This is the first practical result: the notebook-derived dataset teaches models useful multi-step data-analysis behaviour. The stronger 14B model starts higher and gains less; the smaller models gain more. That is what one would expect if the dataset is teaching interaction discipline rather than simply injecting benchmark-specific trivia.

The second evidence layer is JUPITER’s inference-time search. On InfiAgent-DABench, the authors compare ReAct, majority voting, agent frameworks such as AutoGen, TaskWeaver, and Data Interpreter, and JUPITER variants with or without a value model and with or without the PUCT exploration term.

The best configuration is clear:

Setting Qwen2.5-7B SFT Qwen2.5-14B SFT
ReAct 68.09% 77.04%
Majority voting 75.10% 83.66%
JUPITER without value model, no exploration term 70.04% 79.38%
JUPITER with value model, with exploration term 68.87% 74.71%
JUPITER with value model, no exploration term 77.82% 86.38%

The 14B JUPITER configuration reaches 86.38%, slightly above the 85.99% reported for TaskWeaver with GPT-4o in the comparison table. The 7B JUPITER configuration reaches 77.82%, improving over its ReAct baseline and over search without the value model.

The ablation is more important than the headline. Search alone helps a bit.
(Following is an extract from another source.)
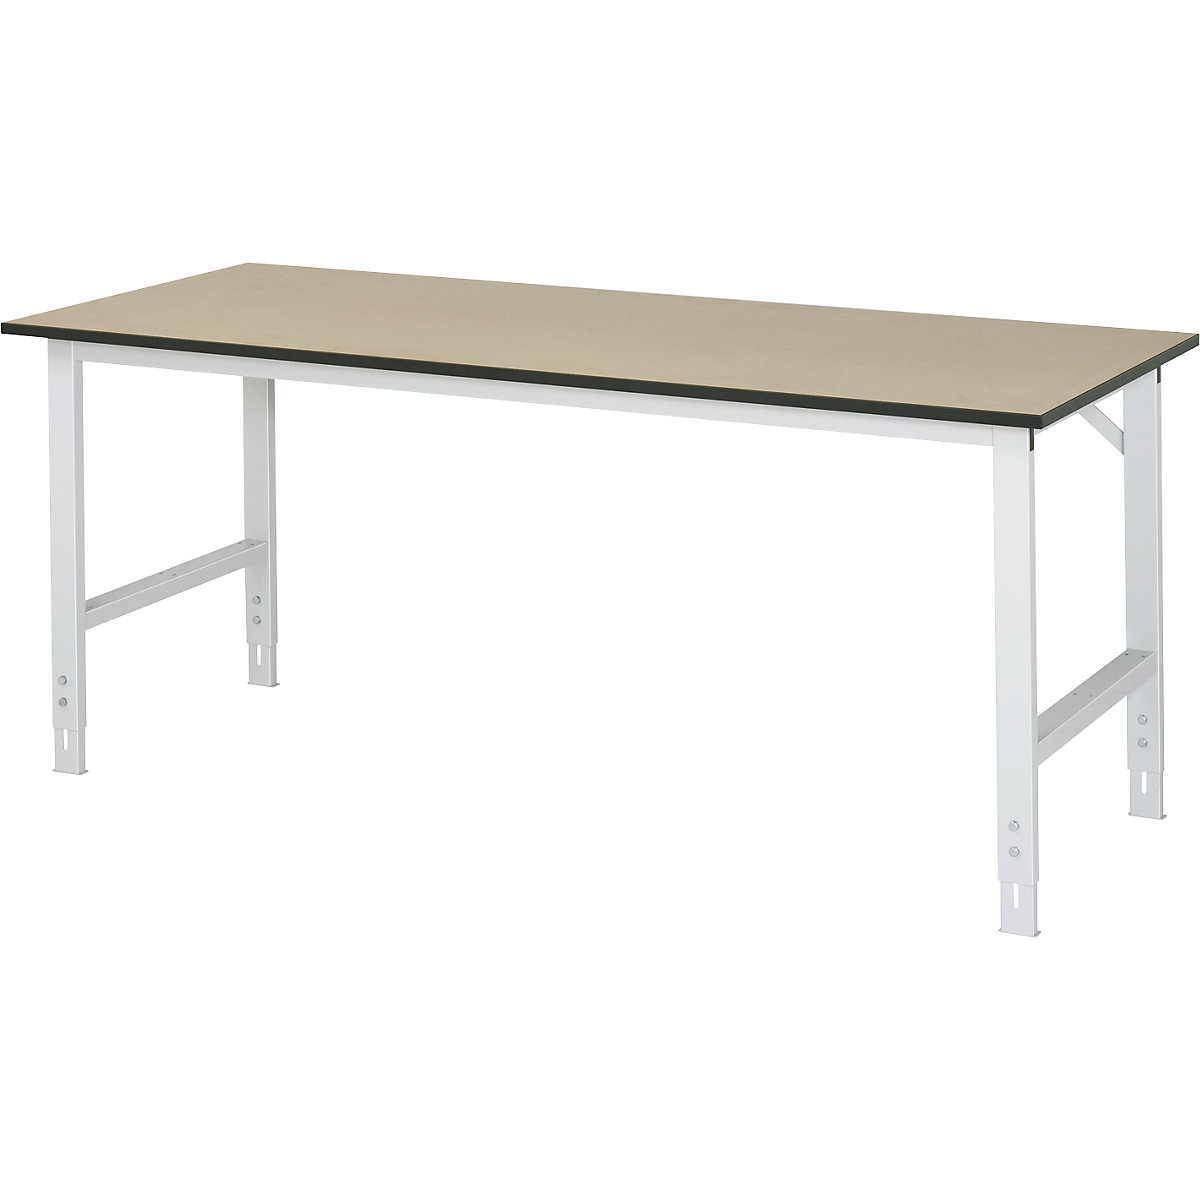 Delovna miza, nastavljiva po višini – RAU, 760 – 1080 mm, MDF plošča, ŠxG 2000 x 800 mm, svetlo siva-14
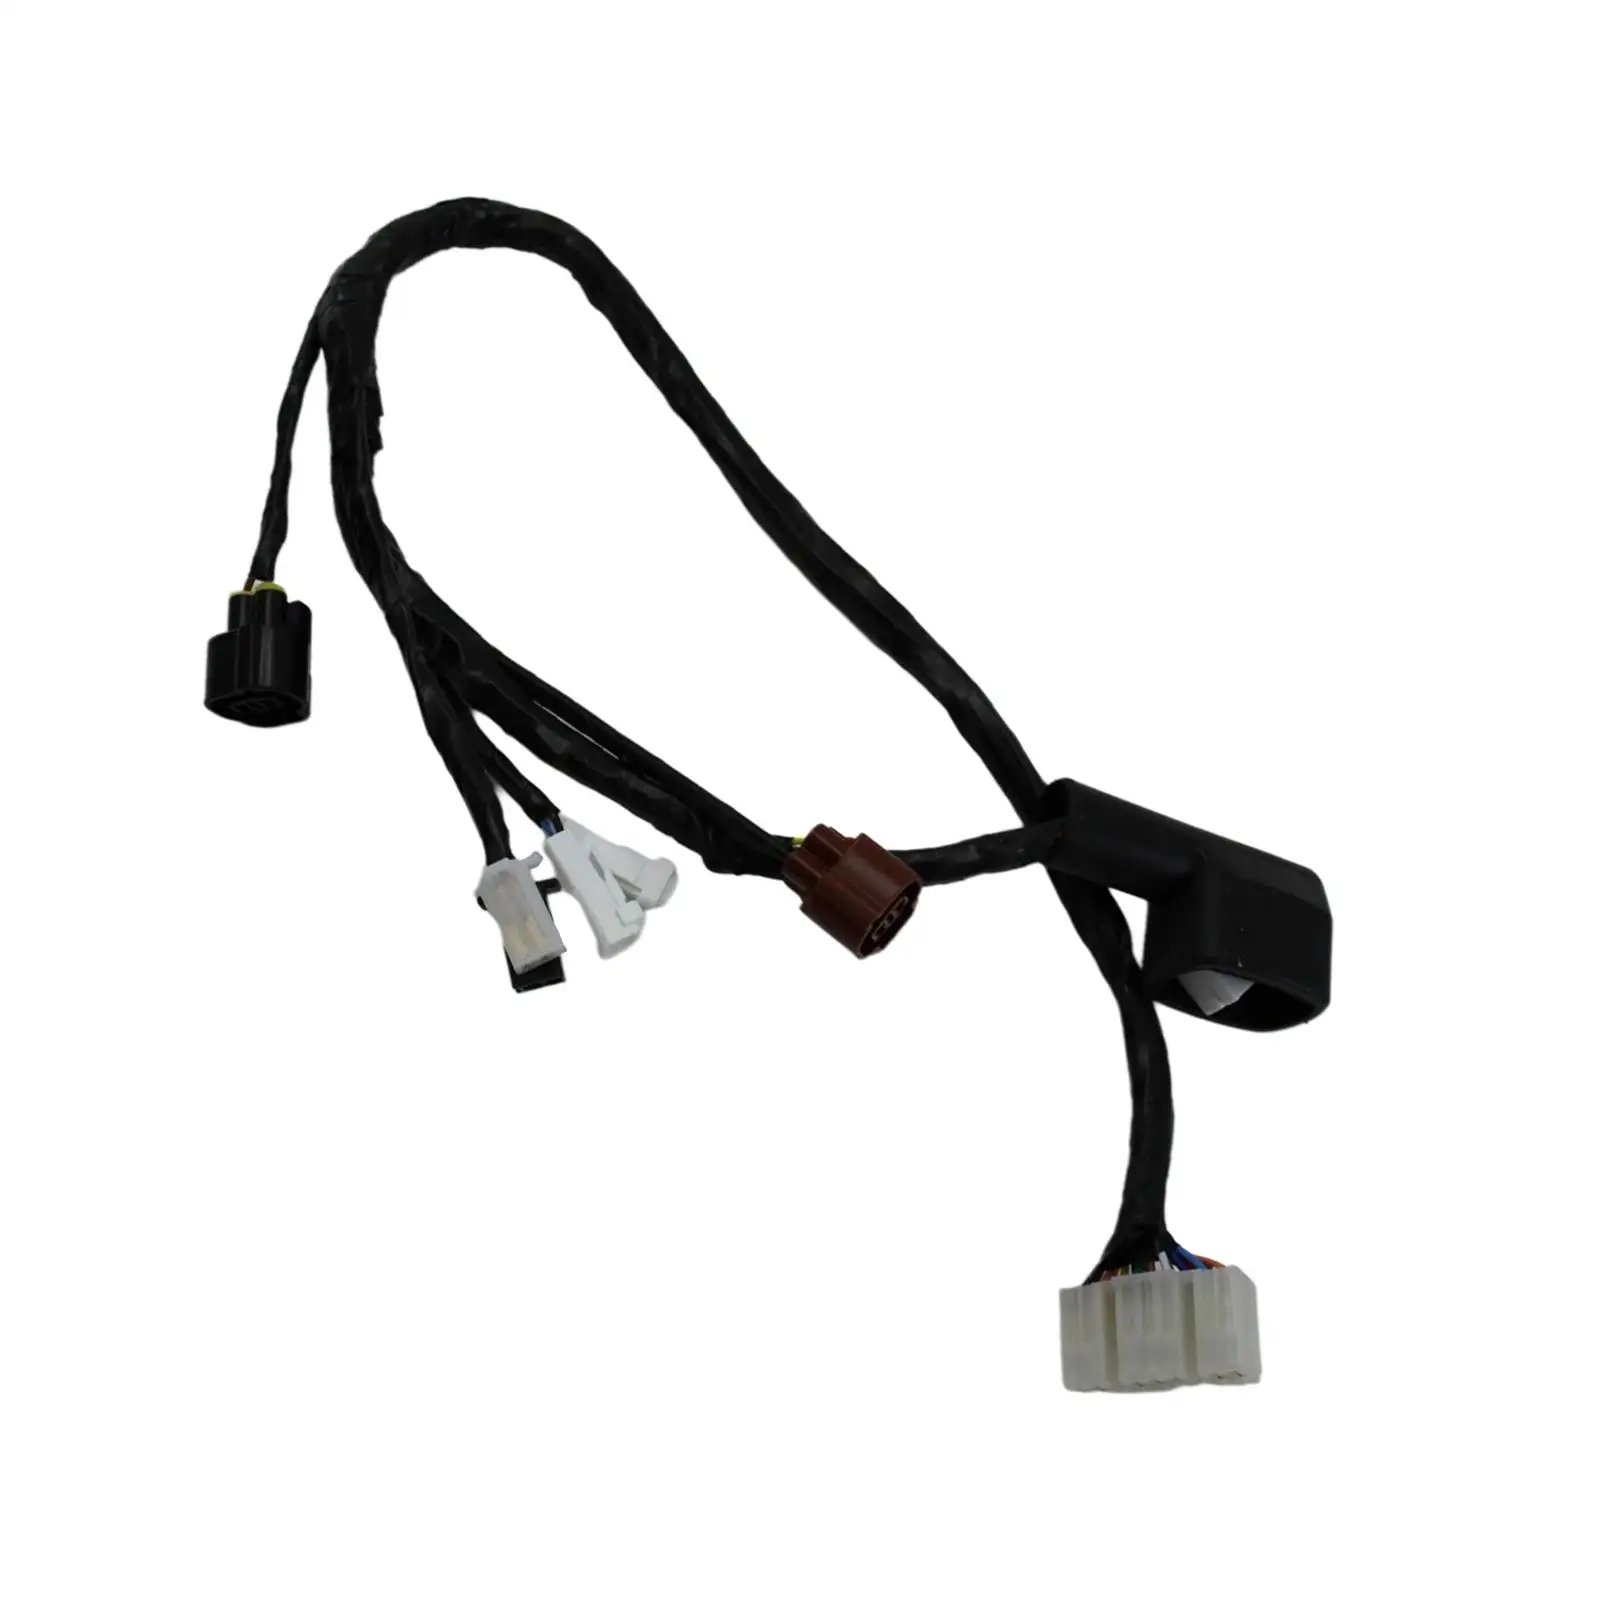 Headlight Wire Harness Set fits for Suzuki GSXR 1000 05-06 36620-41G00, High Quality Spare Parts

Majority voting helps too. But the strongest result appears when the search is guided by the value model and the exploration term is removed. With the exploration term present, performance drops. In the 14B case, JUPITER with value model and exploration reaches only 74.71%, worse than the same model’s plain ReAct score. That is not a rounding error; it is a warning label. “More agentic exploration” is not automatically better. Sometimes it is just a very expensive way to wander into bad code.

The appendix is doing stress testing, not telling a second story

The supplementary experiments are useful, but they should not be inflated into a grand claim that JUPITER solves all reasoning. They mostly test whether the mechanism survives changes in task format, budget, and training strategy.

Evidence item Likely purpose What it supports What it does not prove
NbQA SFT on InfiAgent-DABench Main evidence for dataset utility Real notebook-derived traces improve multi-step data-analysis performance That the dataset covers all enterprise analytics tasks
JUPITER variants with and without value model / exploration term Ablation The value model and removal of exploration are central to the best result That exploration is always bad in all domains
DSBench data-modeling experiments Generalisation and task-format transfer Value-guided search can help even when the task format differs from NbQA QA-style tasks That the model understands messy business context without simplification
AIME 2025 math experiments Exploratory out-of-domain extension NbQA SFT improves tool-use and numerical reasoning somewhat outside data analysis That JUPITER is a competitive math-reasoning system
Hyperparameter plots for iterations, exploration, and temperature Robustness / sensitivity More iterations help; high exploration hurts; temperature around 0.5–0.7 appears best in their setup That those settings transfer unchanged to every deployment
Failed GRPO-style RL attempt Implementation detail and negative result Sparse rule-based rewards are hard for multi-turn tool-use RL That RL is useless for data agents

DSBench is particularly interesting because it is not the same problem format as InfiAgent-DABench. DSBench data-modeling tasks are adapted from Kaggle competitions: train a model, produce predictions, write a submission file, and score it against ground truth. The authors use vanilla Qwen2.5-7B and 14B models, but apply the trained value model during inference-time search. They also simplify the original task descriptions by removing redundant platform text, acknowledgements, company lists, and other clutter.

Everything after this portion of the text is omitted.